Я чувствовала его дыхание, ощущала вибрацию смычка, скользившего по струне. Как будто он проник в мою душу и нежно подул на волосы. С этой поры все стало общим: дыхание, время, воздух, тело. И не в тягучих альтовых звуках слышались тоска и страсть, а в быстрых, резких, сильных. Сначала солист, piano, выводил тему. Наши взгляды встретились на середине зала, задав общий темп, добавив экспрессии, колорита. Потом зазвучало tutti оркестра, и лес смычков синхронно менял направление, быстрее возрастало напряжение, громче и необузданней становилось звучание. Наконец только он, скрипач, и я, в совершенной гармонии, оба едва переводившие дыхание, испытывали нечто незабываемое, необходимое для утоления иссушающей жажды друг друга. С той только разницей, что я в конце пути слилась в единое целое только с ним, тогда как он — с последним тактом финала…

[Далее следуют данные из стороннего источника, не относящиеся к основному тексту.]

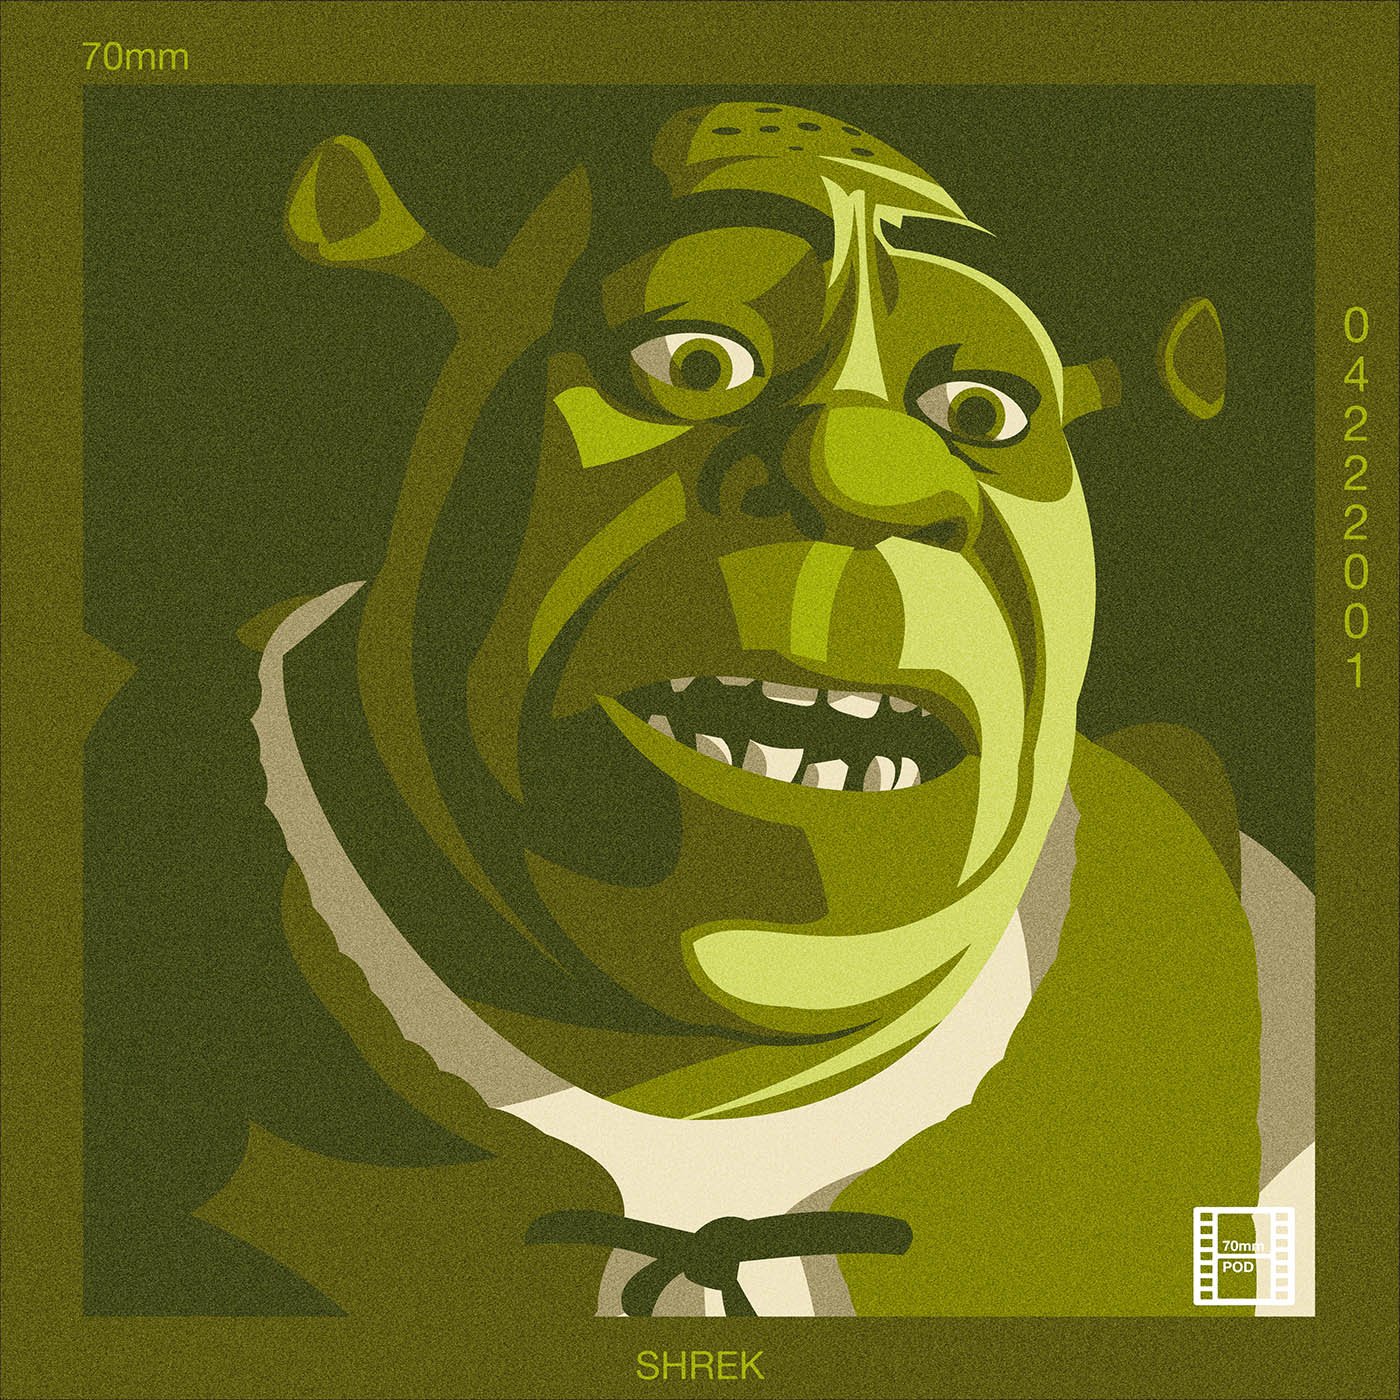 BONUS Episode: Shrek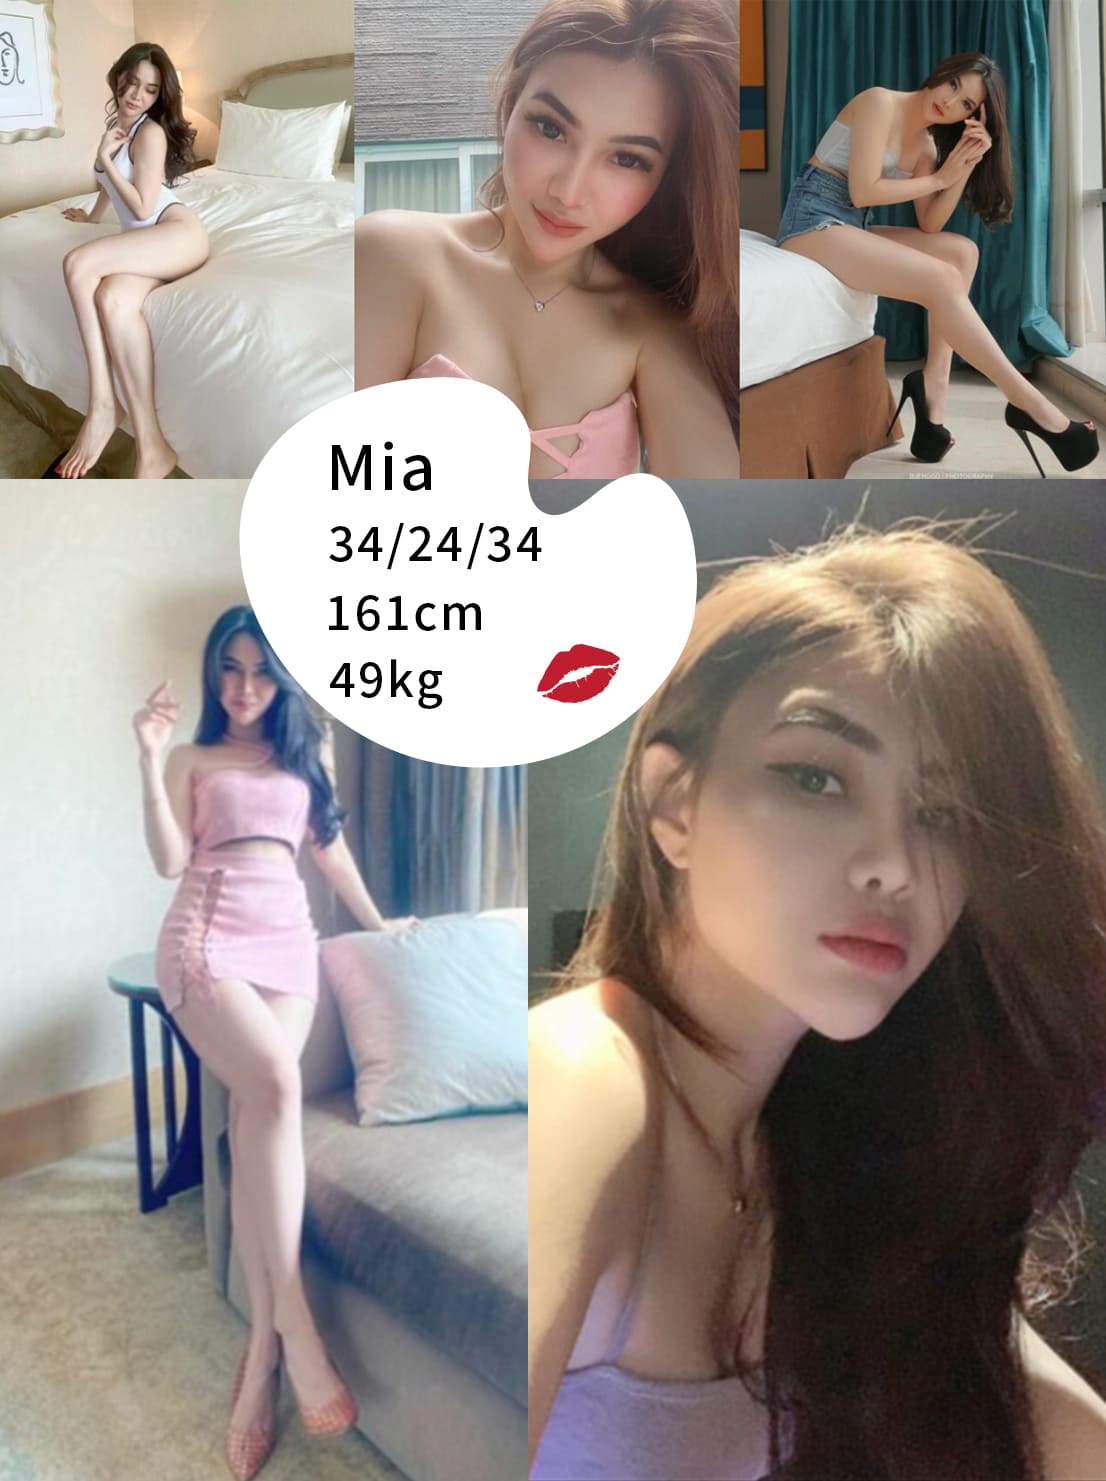 mia kissb2b vietnam model

Катетер, вставленный через интродьюсер,[2] помещенный в точке прокола бедренной вены, постепенно идет в направлении сердца. Сначала в правый желудочек, потом в правое предсердие. Оттуда он должен в результате пункции межжелудочковой перегодки пробиться в левое предсердие. В левом предсердии его подводят к устью легочных вен и высокочастотным током разогревают его конец до 60–70 градусов. Этой температуры достаточно, чтобы вызвать микроповреждения в стенке легочной вены и скоагулировать — как они это называют — ее ткань, или, проще говоря, сделать шрамы, которые должны препятствовать распространению патологических импульсов, вызывающих аритмию сердца.
Шрамы.
Его шрам расползался, когда я увидела его в первый раз. Два года тому назад.

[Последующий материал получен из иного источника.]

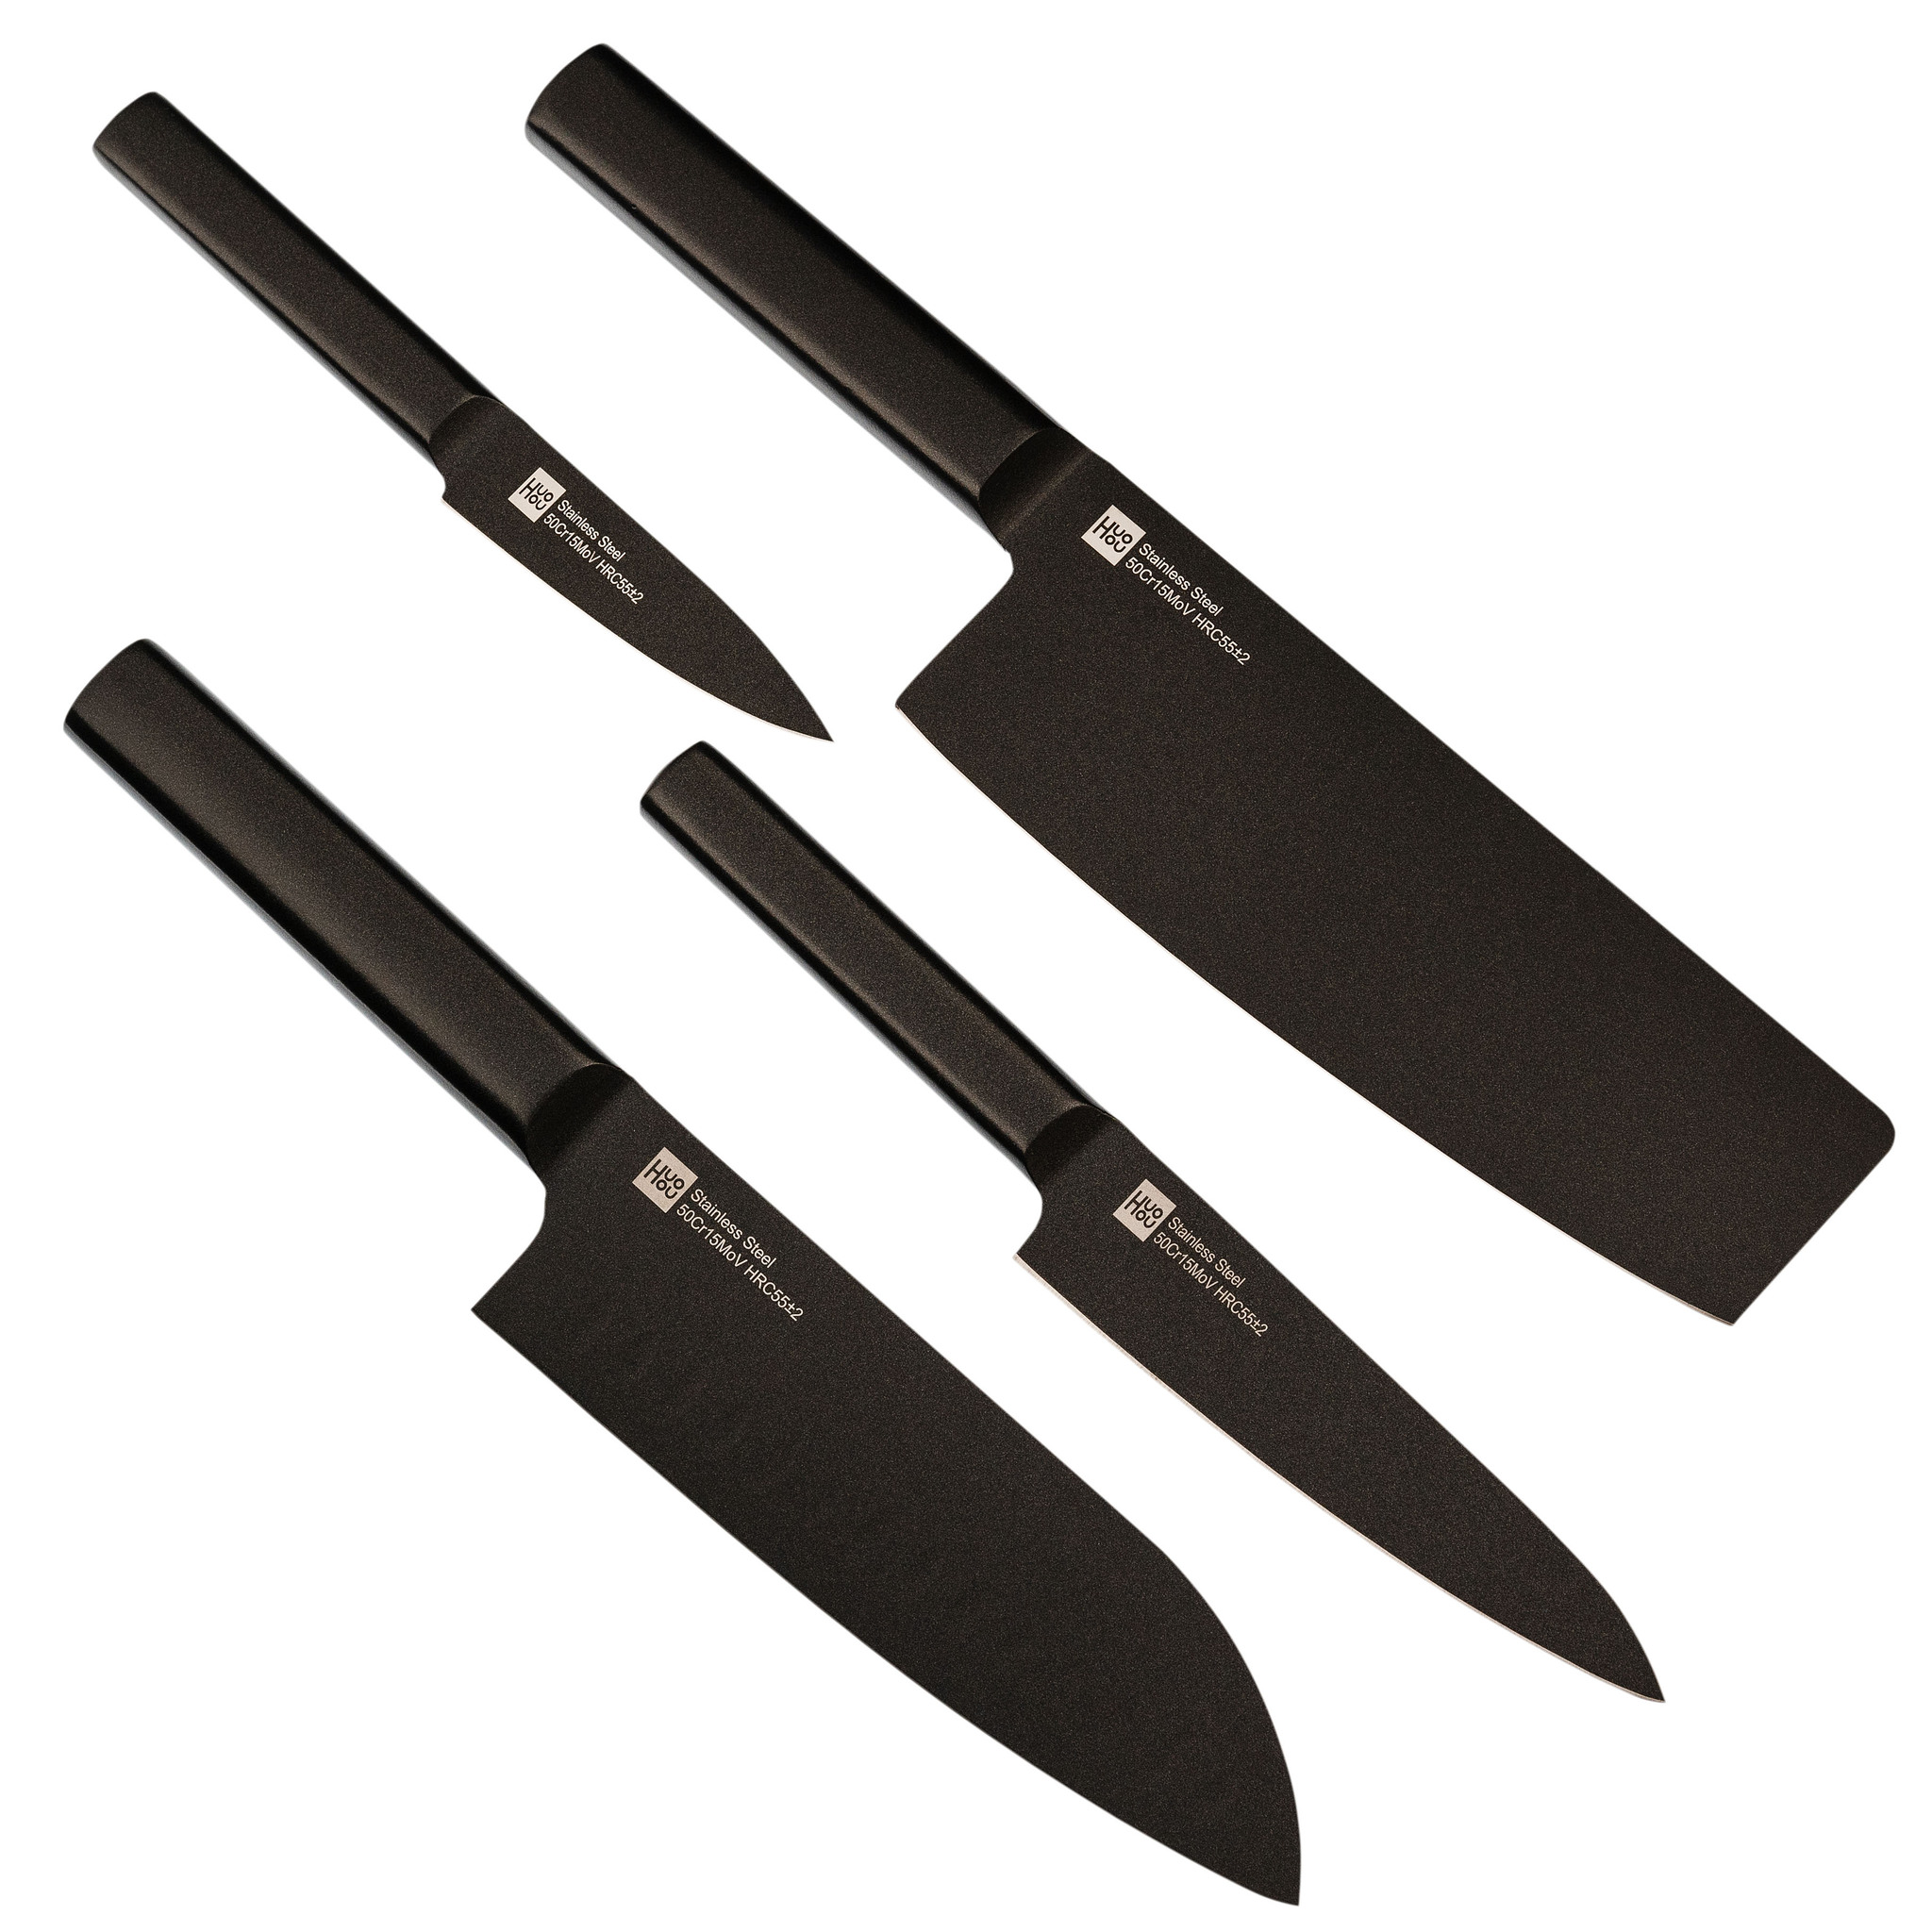 фото Набор кухонных ножей на подставке xiaomi huohou 5-piece non-stick kitchen knife set

В тот день я ушла из общаги около четырех утра. Кто-то как раз приехал из Амстердама и привез «план». Или перебрала вина и чересчур накурилась, или эта канабка была пропитана какой-то жесткой химией. У меня было жуткое похмелье. Глухое темное безграничное пространство, перечеркнутое поперек широкой белой струей горячего молока, вливающегося мне в рот. Оно обжигало мне губы и небо, протекало через меня, задерживалось в пищеводе, проникало в грудь, приподнимало ее, разрывая мой лифчик, и возвращалось, чтобы выстрелить фонтаном между бедер. И оно больше не было белым. Смешанное с кровью, оно становилось розовым. Я стала задыхаться и кашлять, не успевая проглатывать это молоко, и выбежала из комнаты. Пах разрывало от пронизывающей боли. У меня начались месячные. Через окружавший общежитие лесок, спотыкаясь о наледи, я добралась до улицы и села в первый трамвай.
Он сидел с закрытыми глазами в утреннем воскресном трамвае. Прислонив голову к заиндевевшему грязному стеклу, оставляя на нем след своего теплого дыхания. Сидел в обнимку со скрипичным футляром. Как с ребенком на руках. Правую щеку пересекал широкий шрам. Трамвай тронулся. Я встала напротив него и стала всматриваться в этот шрам. Наркотическая галлюцинация не проходила. Я видела, как он медленно разрывается, расходится, будто какие-то неестественно узкие синие губы, и наполняется кровью. Я достала из кармана платок, встала перед ним на колени и приложила платок к шраму, чтобы промокнуть кровь. Он открыл глаза. Дотронулся до моей руки, касавшейся его щеки. Какое-то время не отпускал ее, нежно поглаживая мои пальцы.
— Простите…
— Я задремал. Присаживайтесь.
Он встал, уступая мне место. В пустом трамвае.
Трамвай несся как шальной. При очередном торможении я упала на грязный пол и не смогла подняться с колен. Он заметил это. Осторожно положил скрипку под сиденье, обнял меня за талию и посадил на свое место. Потом снял кожаную черную куртку и прикрыл меня ею.
— Куда вам? — спросил он тихо.
— Домой, — ответила я, пытаясь перекричать лязг тормозов останавливающегося трамвая. — У тебя шрам на щеке, — улыбнулась я, — но кровь больше не течет…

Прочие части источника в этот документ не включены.